Along the same lines as Trampoline Double, but in a smaller format, is All Star Pogo, or Pogo Jump. The game itself follows the familiar pattern of a children’s racing game (like Duo Drive and the like), but your bounce is controlled by the trampoline controller. This one is definitely for kids, although teens/adults could play it without trouble.

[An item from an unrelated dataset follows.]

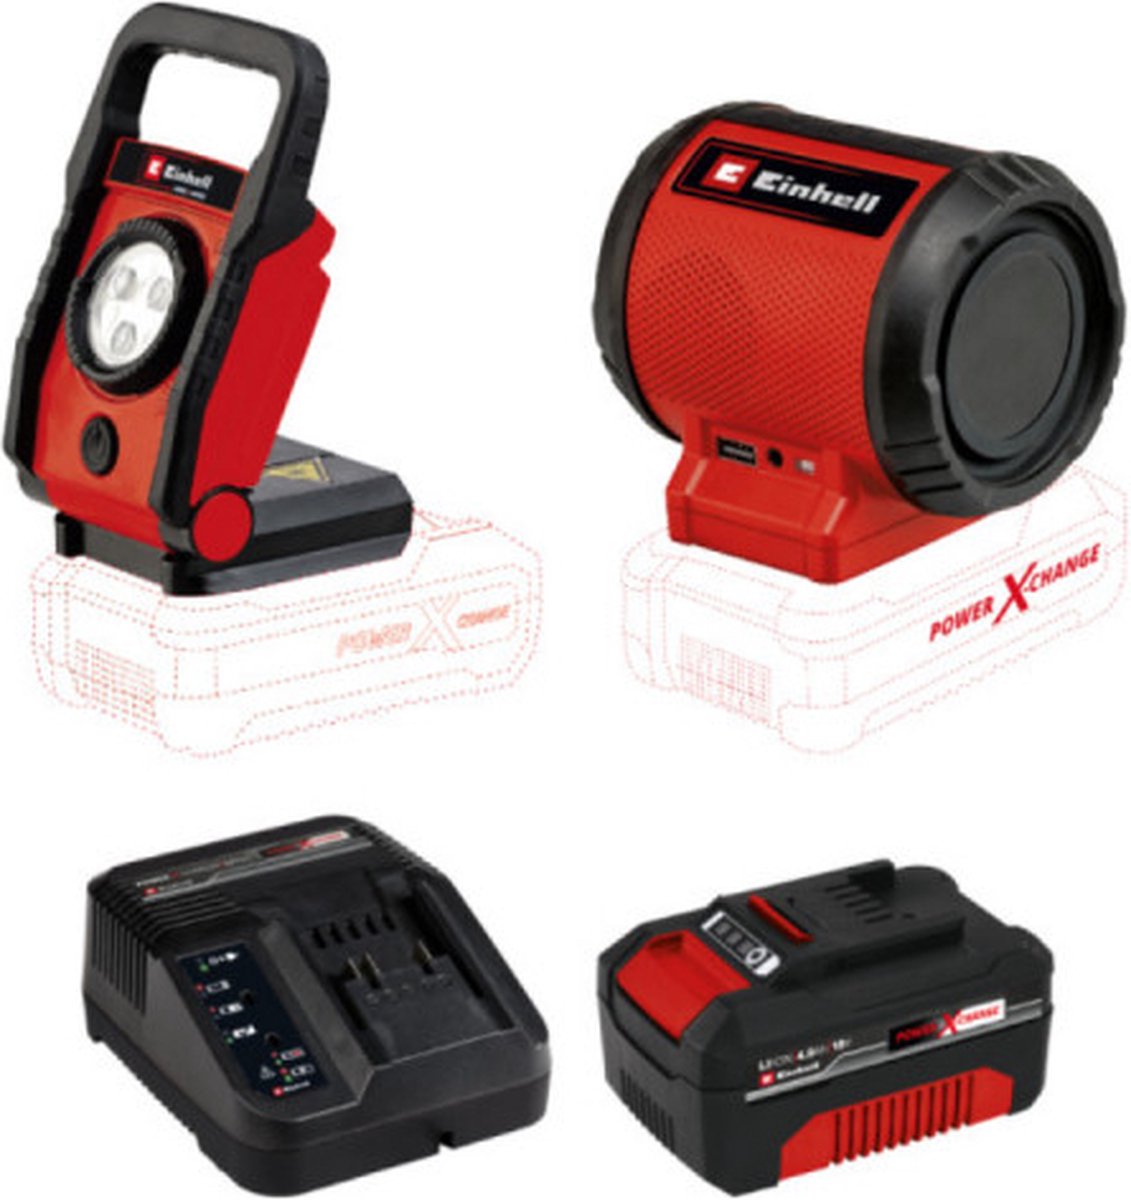 Pack EINHELL 18V Power X-Change - LED Lamp - TE-CL 18 Li Solo - Speaker - TC-SR 18 Li BT - Solo - Starter Kit Power 4.0A
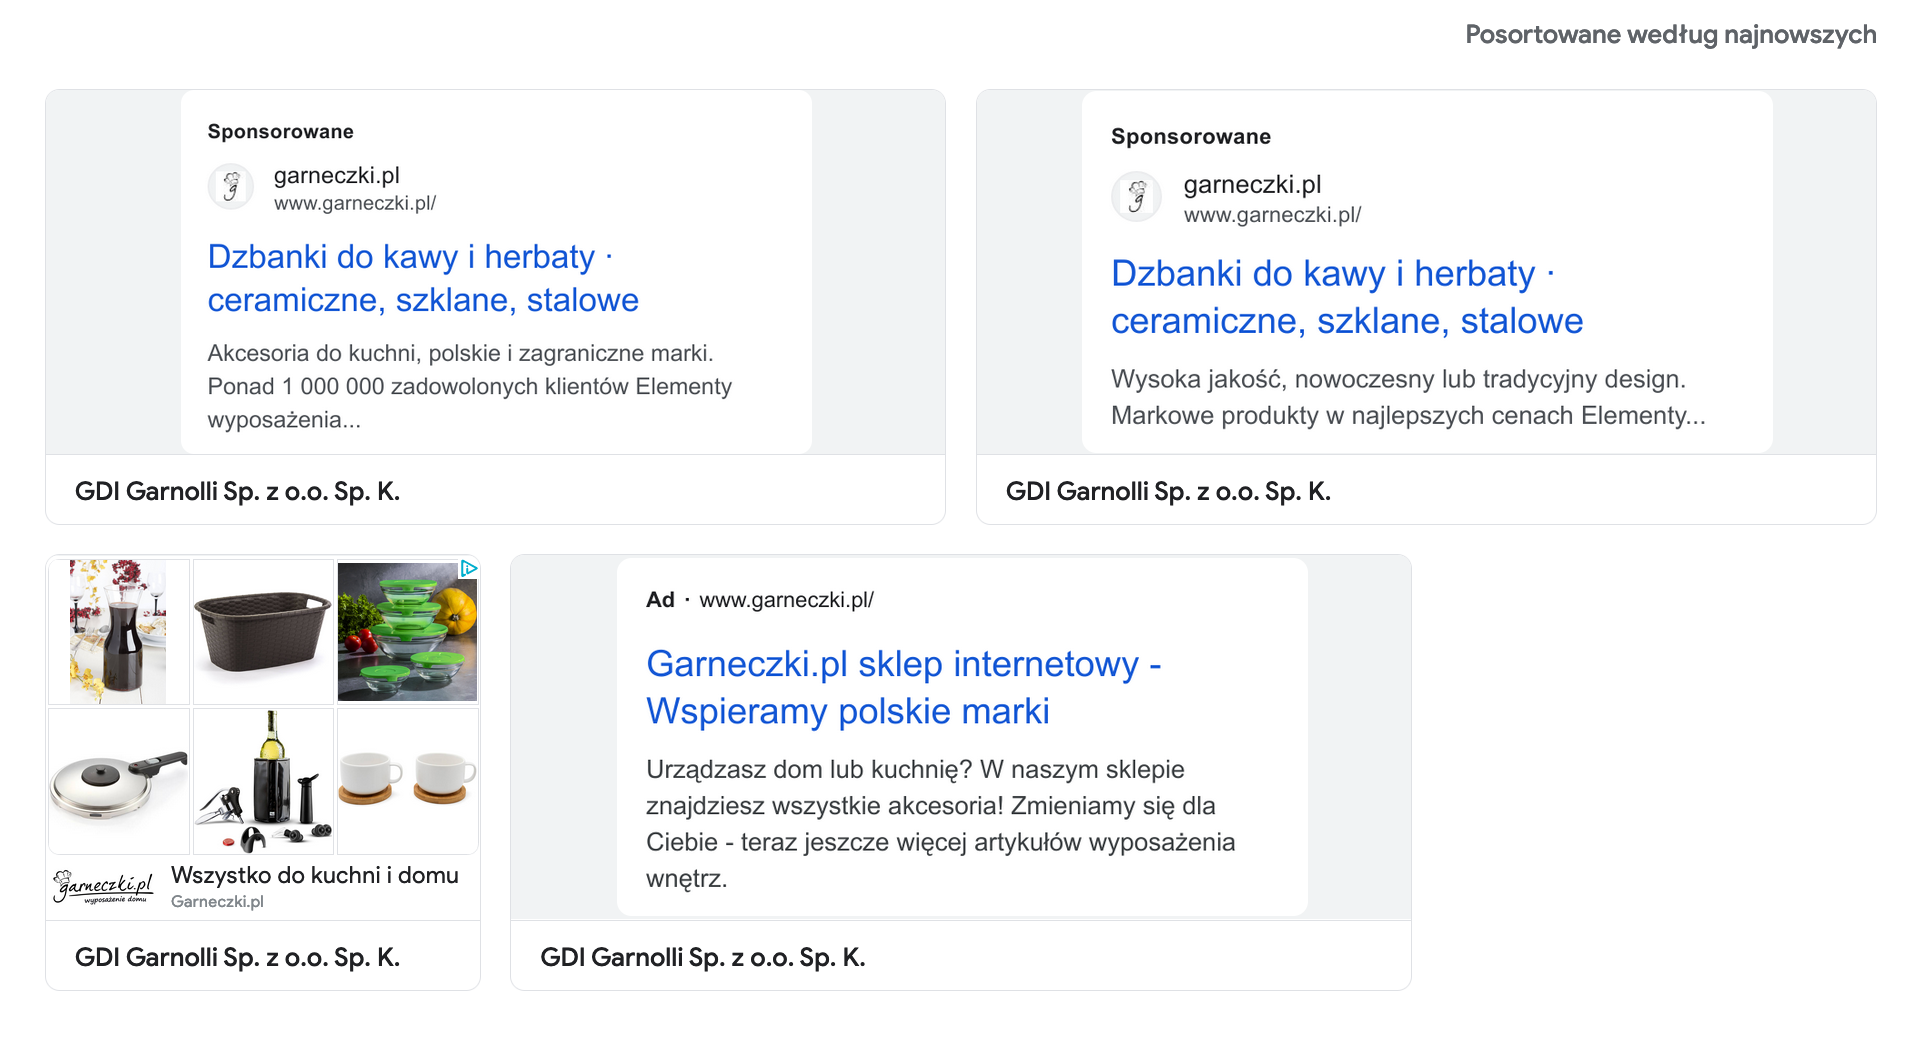 garneczki: centrum reklam google

There is also another variation of Pogo Jump is called Spin Racer, which has similar basic gameplay to Pogo Jump, but involves rolling a ball down the straight race course instead of a pogo stick. To control the action, you use this unique, giant ball controller:
UNIS has done a few fishing games over the years, most notably Pirate’s Hook and Treasure Cove. Fishing Derby is essentially an upgrade or sequel to one they called Strike Pro Fishing, combining elements of that with Treasure Cove and the new Elite Park setup idea. This provides for the most realistic fishing reel controller that the company has done, thus putting it in closer competitive territory with Sega Bass Fishing. It’s available in a dual screen, 4-player model, a triple screen 6-player model and in Elite Park configurations; The video below just shows the 4p:
There aren’t any videos of this one yet, but you’ll notice that it’s looking to bring some Formula-1 style racing back to arcades. Funny how that style used to dominate the business, but over the past decade or two it’s been virtually AWOL. It also will bring back something like Sega’s Indy 500. I have not seen any photos of a single cabinet on this on at the moment, as it looks like they are focusing more on the specialized simulator experience that this one can offer:
Elite Park Water Games (Star Crusaders)
Water cannon games have been a hot item on the market for a few years now, so it makes sense that there would be at least one of these to join the fray. While this involves something similar to the others – fire a real water gun at a screen, where there’s a water reclamation & filtration system – it ups the ante by coming with 4 guns per cabinet, and going up to 12 guns through linked cabinets. Here’s that model:
Elite Park Soccer & Boxing
I didn’t see footage for these, although it’s possible that I overlooked/missed it. I’ve seen things like the soccer one before, although they usually occupy a space of a large & expensive simulator (ala small-room golf simulators). The boxing one can come with a fence or not.
That pretty much does it – like I said, it was a lot to digest at once, especially where we’ve had a dearth of arcade news for most of the year.
Which of these games interests you the most?